Member of the "6 Month Watchful Waiting Club", Unite!

sarahsmom

Oh Melissa, I am so sorry to hear about your friend! Ugh. Sending you a hug.

Also about your Birads 4, darn it! UGH. I hope it gets cleared up quickly. Is your next appt this Wed?

I was on a long vacay for spring break, we did something different and just flew as far away from here as possible (without having to go customs!), got a car and drove the opposite coast for 8 days. It was amazing and great family time, lots of talking, laughing and relaxing. There was no rushing around, and we had afternoon flights which also took off the pressure. We all needed this, too much going on around here and much on the horizon, including a move to the Middle East due to hubby's new assignment and lots of uncertainty about schools, vehicles and our dog...trying to stay in that California state of mind for now...

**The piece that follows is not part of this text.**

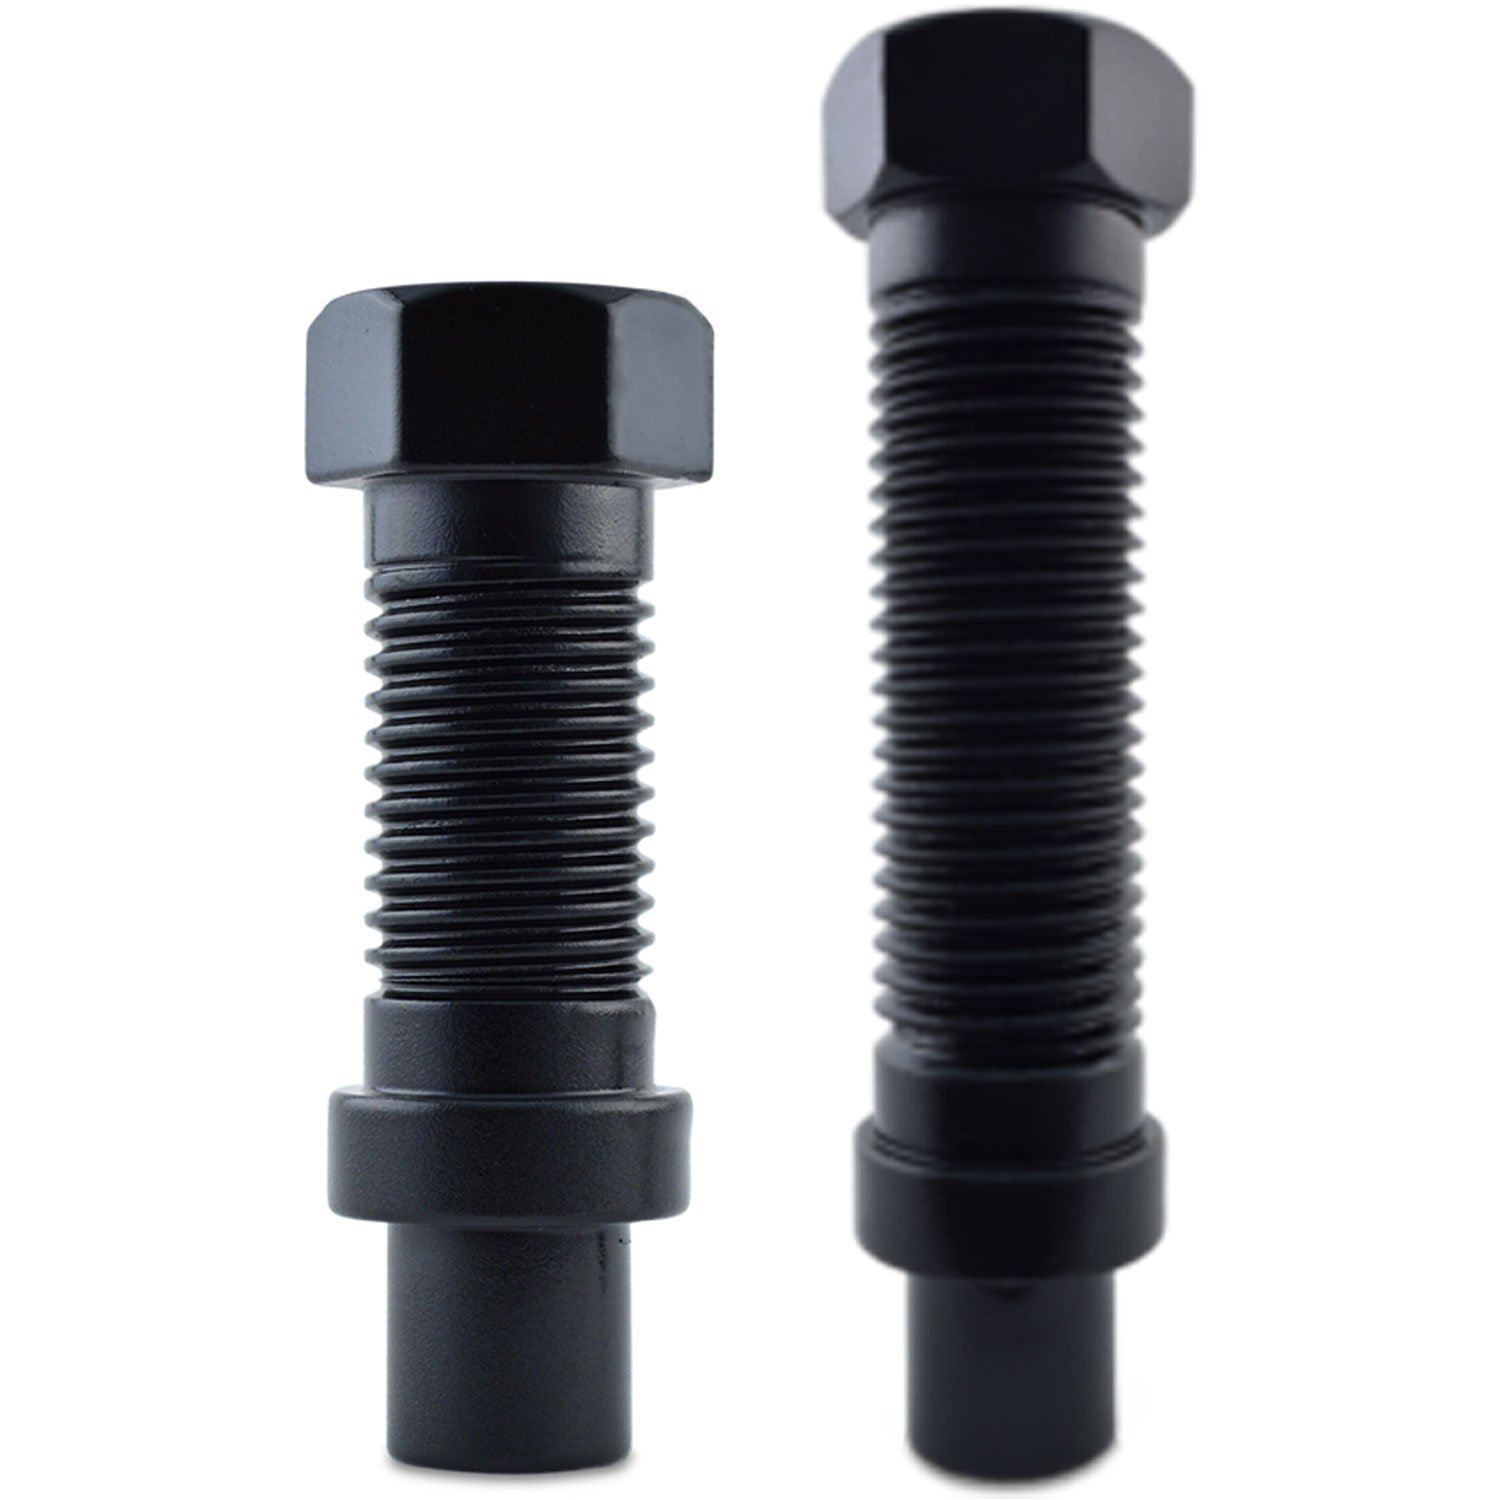 8-Lug Dually Bolt Style Lug Nut Kit Thread: 14mm x 1.5

I realized on the trip that I now have a lump in the area where they aspirated that compound cyst or whatever it was. Maybe it's the remaining part of the cyst, I don't know. I hate to go in there again. Will prob wait until the Jun 6 month check up unless things change. It's always something!!

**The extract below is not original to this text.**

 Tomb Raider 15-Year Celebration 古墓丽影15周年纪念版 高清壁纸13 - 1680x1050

Hugs and strength to all of you wonderful ladies!

melissadallas

Whew! The Bi-RAds 4 was a typo. Should have been a 2. Got a copy of the report. Stable from last year. Nothing but mild background parenchymal enhancement with scattered nonspecific foci. Slightly more enhancement of subareolar area on one but stable.



No suspicious enhancement is present to suggest malignancy.

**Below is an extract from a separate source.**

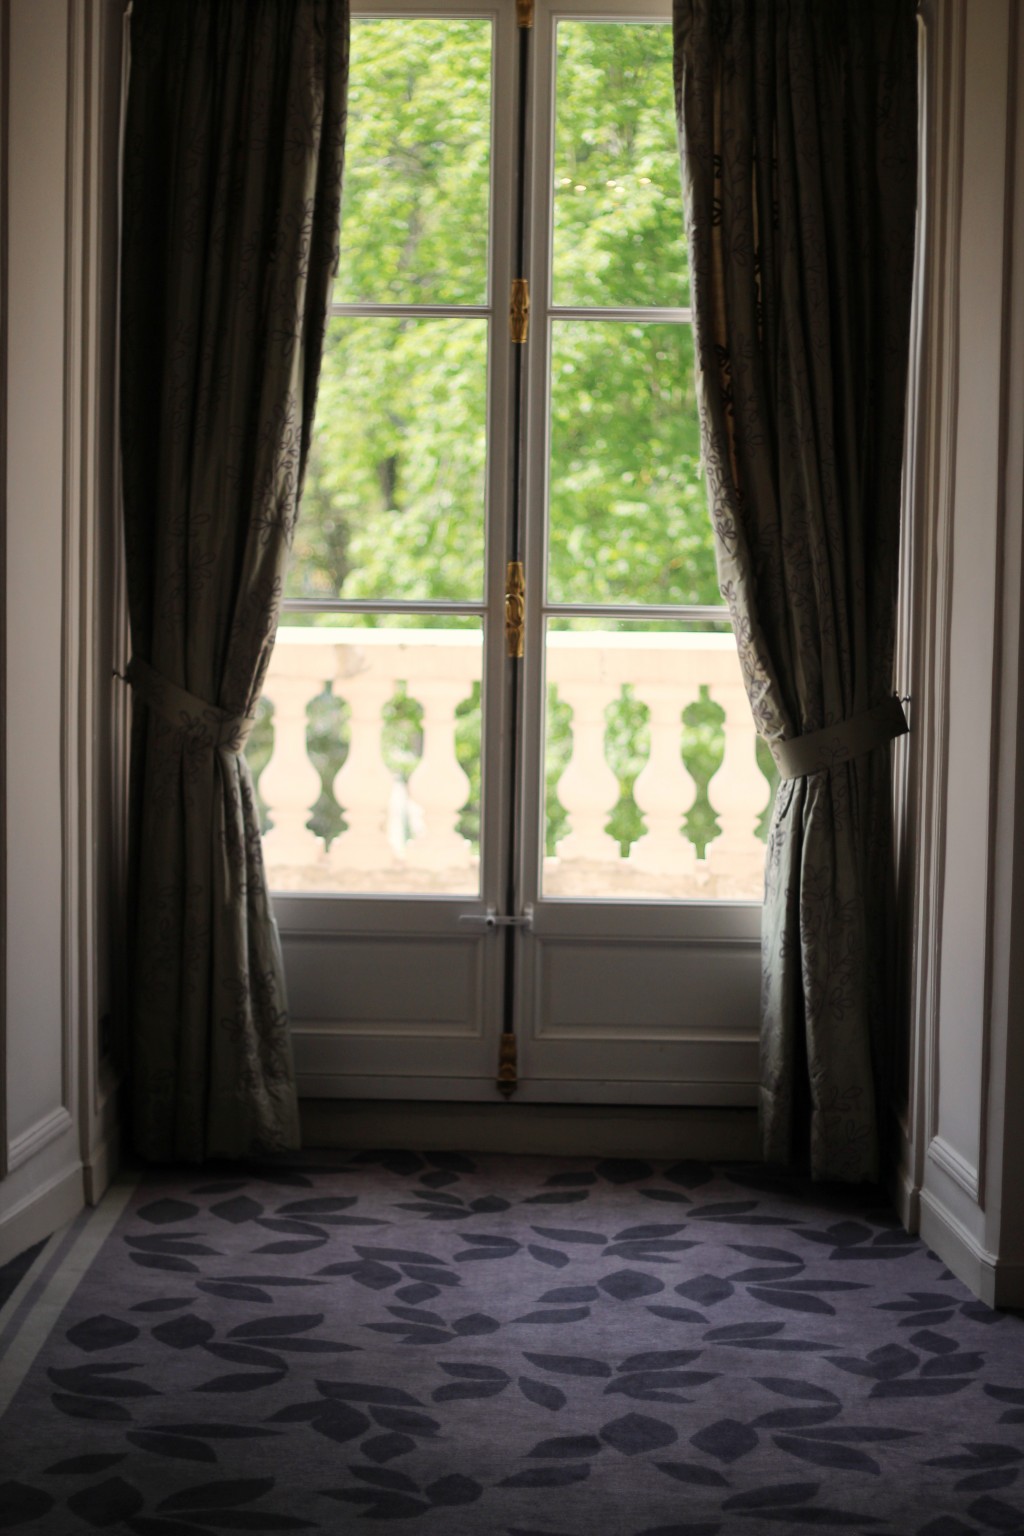 Trianon Versailles (c) upupup.fr

They are giving me the option of taking Aromasin since it doesn't have the clotting risk of the other AIs. I'm going to have to think about that one. Lots of tradeoffs. Not really concerned about the joint pain, but the bone loss, cholesterol effects & dry eye are considerations. Already have bad dry eye. Have mildly elevated lipids & can't take the meds for that because of having had ascites with the ovarian cancer. Live alone & like it that way. Bone breaks would be a bad problem with that.

april485

Melissa , so happy to hear that all is well. Aromasin is the only AI my MO would consider for me. She prefers Tamoxifen, even though I am post-meno. Oh well, best to you with whatever they decide to give you!

sarahsmom

OMG, a Birads typo, that's a first for me!! How crazy?! So glad it was 2, yay!Did anyone take responsibility for that error?!

Wow, Aromasin sounds like it has some side effects that will cause you some discomfort and possible problems down the road. This is a tough decision for you! I think with breast cancer the data is just not cut and dry enough to be able to make an informed decision - like when looking at how many women who didn't take aromasin had recurrence vs those who took it and did not? Well the women with recurrence might have had it without the aromasin anyhow. Those who took it and had no recurrence might not have relapsed anyhow. Gosh, I think you're going to have to go with your heart and gut on this one. Maybe give it a really good try and see - maybe tell yourself you'll do it for 6 months and reassess?

Sending you lots of hugs!

melissadallas

You know, I keep thinking about this MRI report... This was only my second one so it was compared to the one done BEFORE my excisional biopsy last year. There was no reference at all to any changes or scar tissue in that breast. Do your MRI reports show scarring from biopsies?I mean, it could even see a little cyst on my humeral head but NOTHING as far as anything different in the breast?

sarahsmom

I don't know- that is a good question. I have no experience in MRIs but hopefully April or one of the other ladies can help!

peanutsgal

Hi, Melissa,



Just checked my MRI reports and they do mention previous biopsy sites in their description of both breasts. For me it just stated that there were noted biopsy sites and that the areas were stable.

awb

Melissa--so happy to hear the good news!  I've been having yearly breast MRIs for 8 years; some of my MRIs mention "normal post-op changes consistent with lumpectomy", and some of them don't mention it at all. I think it just depends on whichever radiologist is reading it that day and their particular way of wording their reports. Some of them just like to focus on any thing suspicious and they don't mention the things that are not a problem.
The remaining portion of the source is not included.